Due to the negative effects of protein contaminants in MS-proteomics, various methods have been implemented to combat this problem. Keratin contaminations can be reduced by using a laminar flow hood and fastidiously wiping down surfaces with ethanol and water.7 However, it is almost impossible to eliminate keratins from proteomic experiments. Contaminations from digestion enzymes and affinity tags can be reduced by carefully optimizing the amount of enzymes and beads. But such practices may not be feasible for MS facilities and biological samples with limited amounts. Sample type-specific interferences have been evaluated previously, such as non-specific interactions in affinity purification and contaminations from plasma proteomics.5,8 Note that these interference proteins are sample-specific and may actually be useful proteins in other proteomic experiments. Therefore, these interference proteins cannot be marked as exogenous contaminant proteins for all proteomic experiments.
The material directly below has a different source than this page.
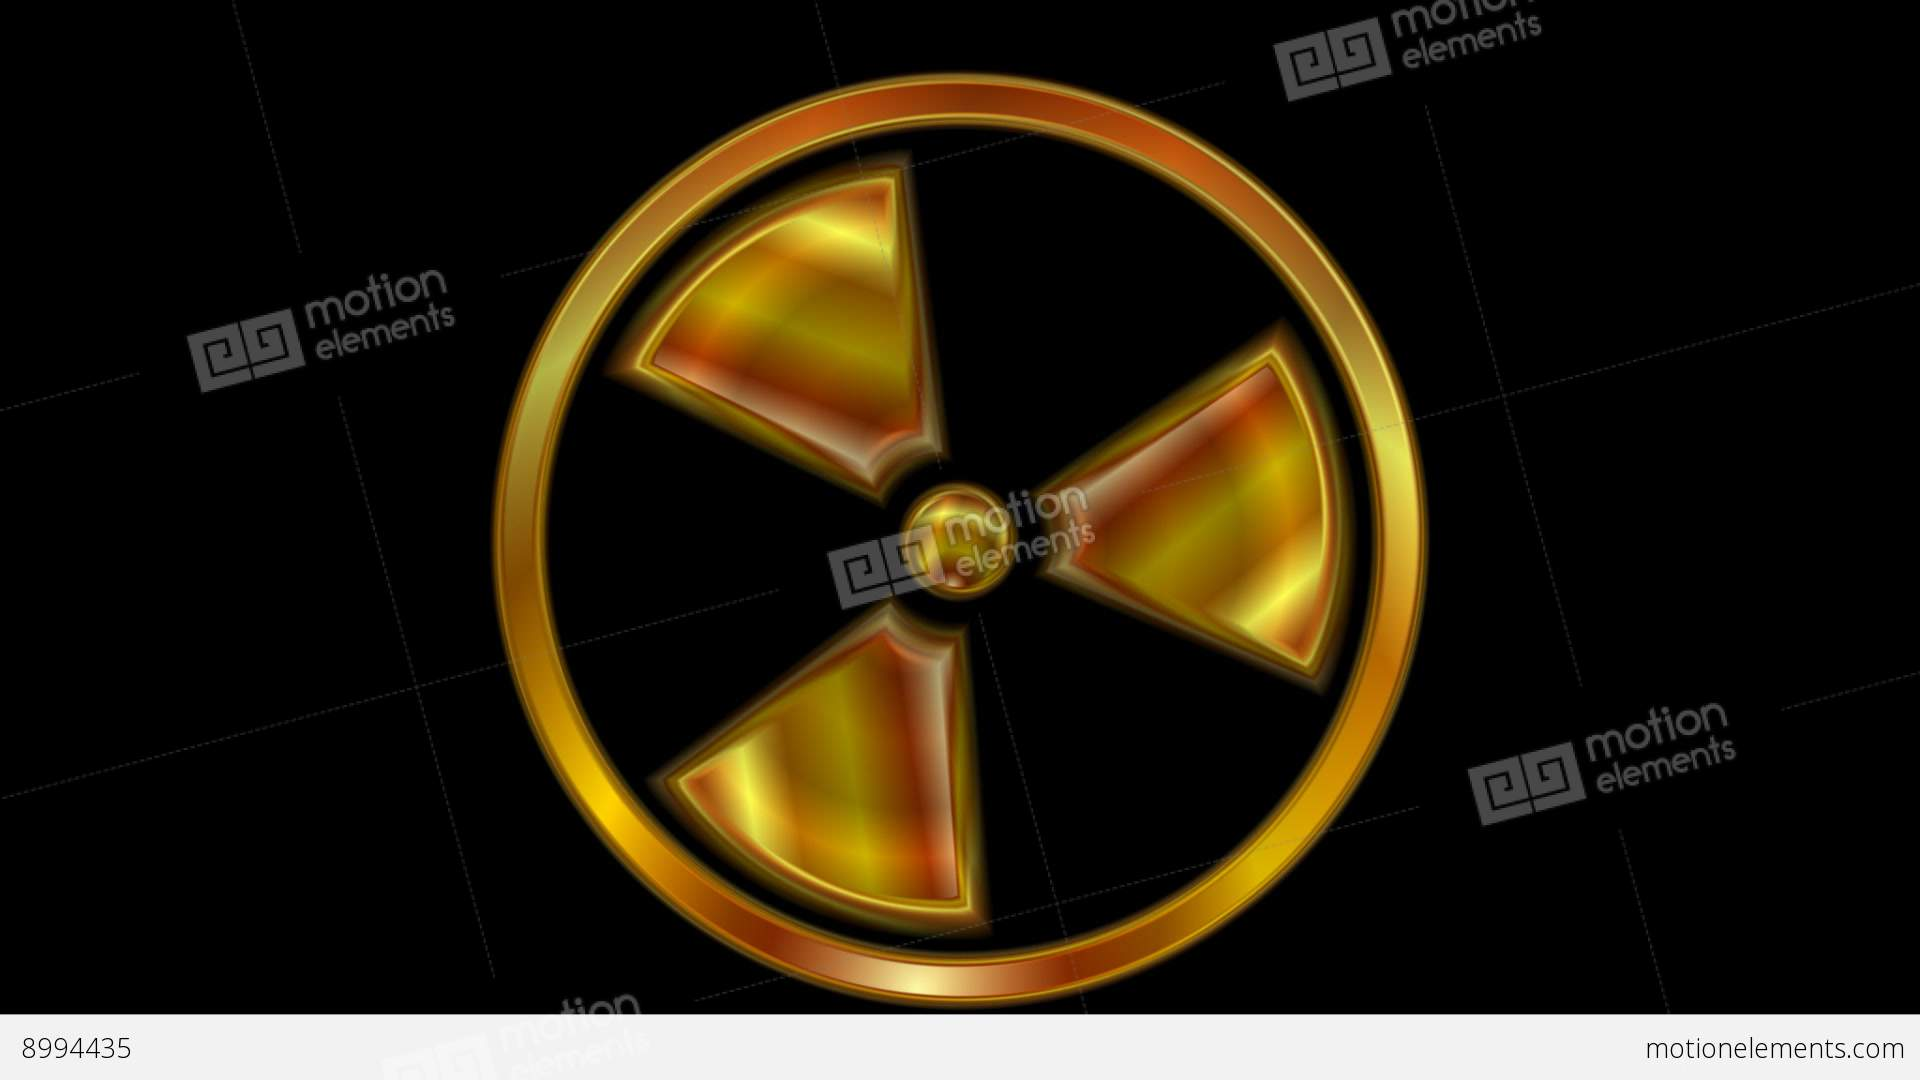 Radioactive symbol video animation seamless loop stock animation radioactive symbol video animation seamless loop stock video footage buycottarizona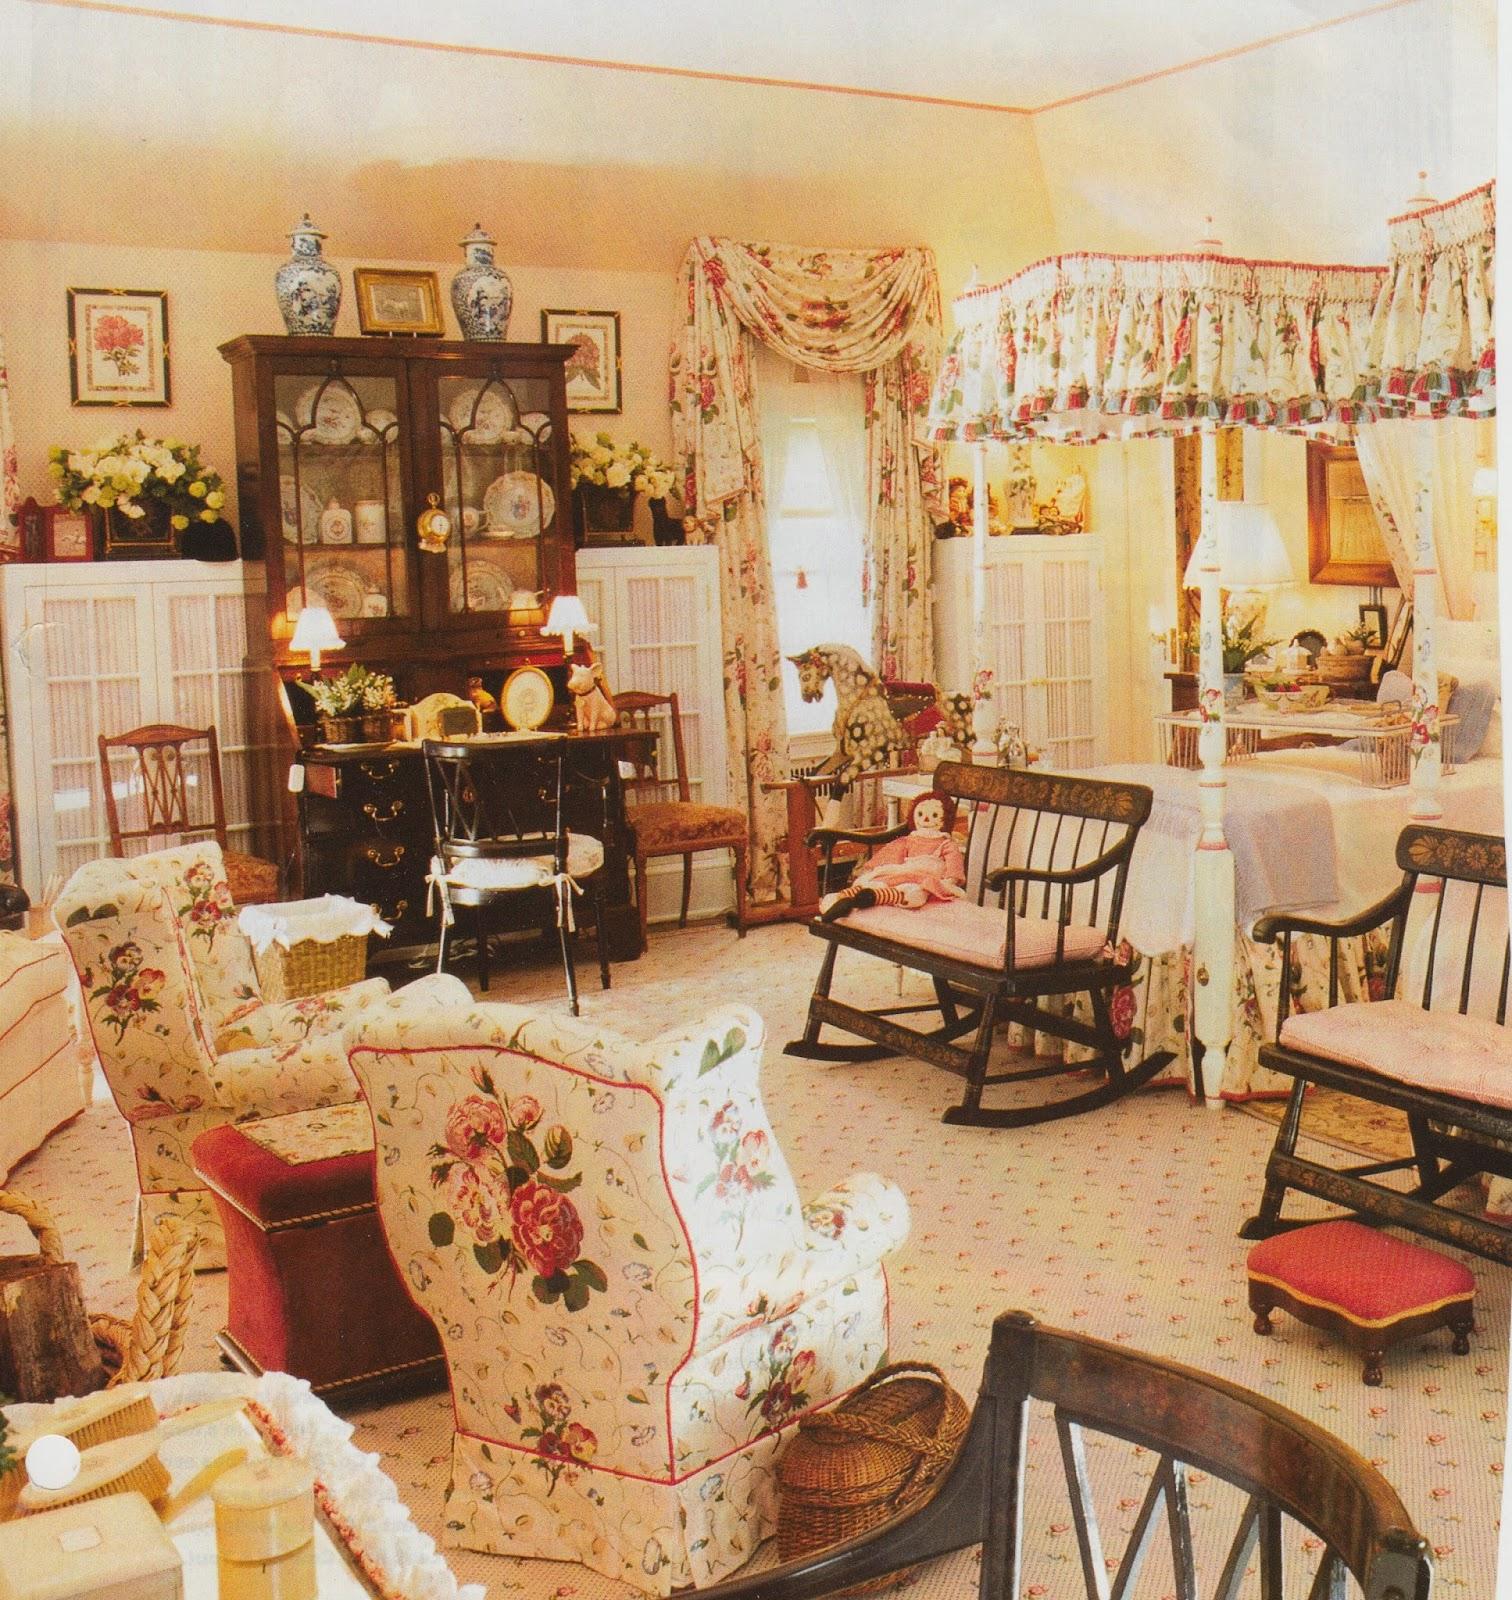 Hydrangea Hill Cottage: English country decor

For data-dependent acquisition (DDA) proteomics, an exclusion list can be used to disregard specific ions from being isolated for MS/MS fragmentation.9 However, exclusion list is specific to LC-MS gradient and instrument, which is difficult to transfer across different MS platforms and laboratories. Peptides with similar m/z and retention times could also be accidentally excluded in complex biological samples.9–12 Additionally, contaminant FASTA libraries can be used in DDA data analysis to mark and remove contaminant proteins from the dataset.13 Although widely used, current contaminant FASTA files used in Mascot, MaxQuant14, or other proteomics platforms have not been updated in years.
Despite various strategies to reduce the influence of protein contaminants in DDA proteomics, protein contamination has not been evaluated and is rarely addressed in data-independent acquisition (DIA) proteomics. Many exogenous contaminants from different species cannot be identified unless included in FASTA or spectral libraries. DDA exclusion list is not compatible with DIA because all co-eluting peptides within a pre-determined isolation window are fragmented together regardless of precursor intensities. Due to the wide isolation window in DIA, we hypothesized that contaminant proteins/peptides can be especially problematic if left unaddressed, leading to false identifications in DIA proteomics.
DIA data analysis can be conducted using spectral library-based software tools (e.g. OpenSWATH15, Spectronaut16, DIA-NN17, Skyline18, EncylopeDIA19, MaxDIA20) or library-free strategies with in-silico digested pseudo peptide spectra based on FASTA protein sequences (e.g. DirectDIA21, DIA-NN17, DIA-Umpire22, PECAN23,24, DeepDIA25). While contaminant FASTA libraries are widely implemented in DDA data analysis, they have not been updated for years and are rarely used for DIA data analysis.26 To our knowledge, there is no contaminant spectral library that is publicly available and universally applicable for DIA proteomics.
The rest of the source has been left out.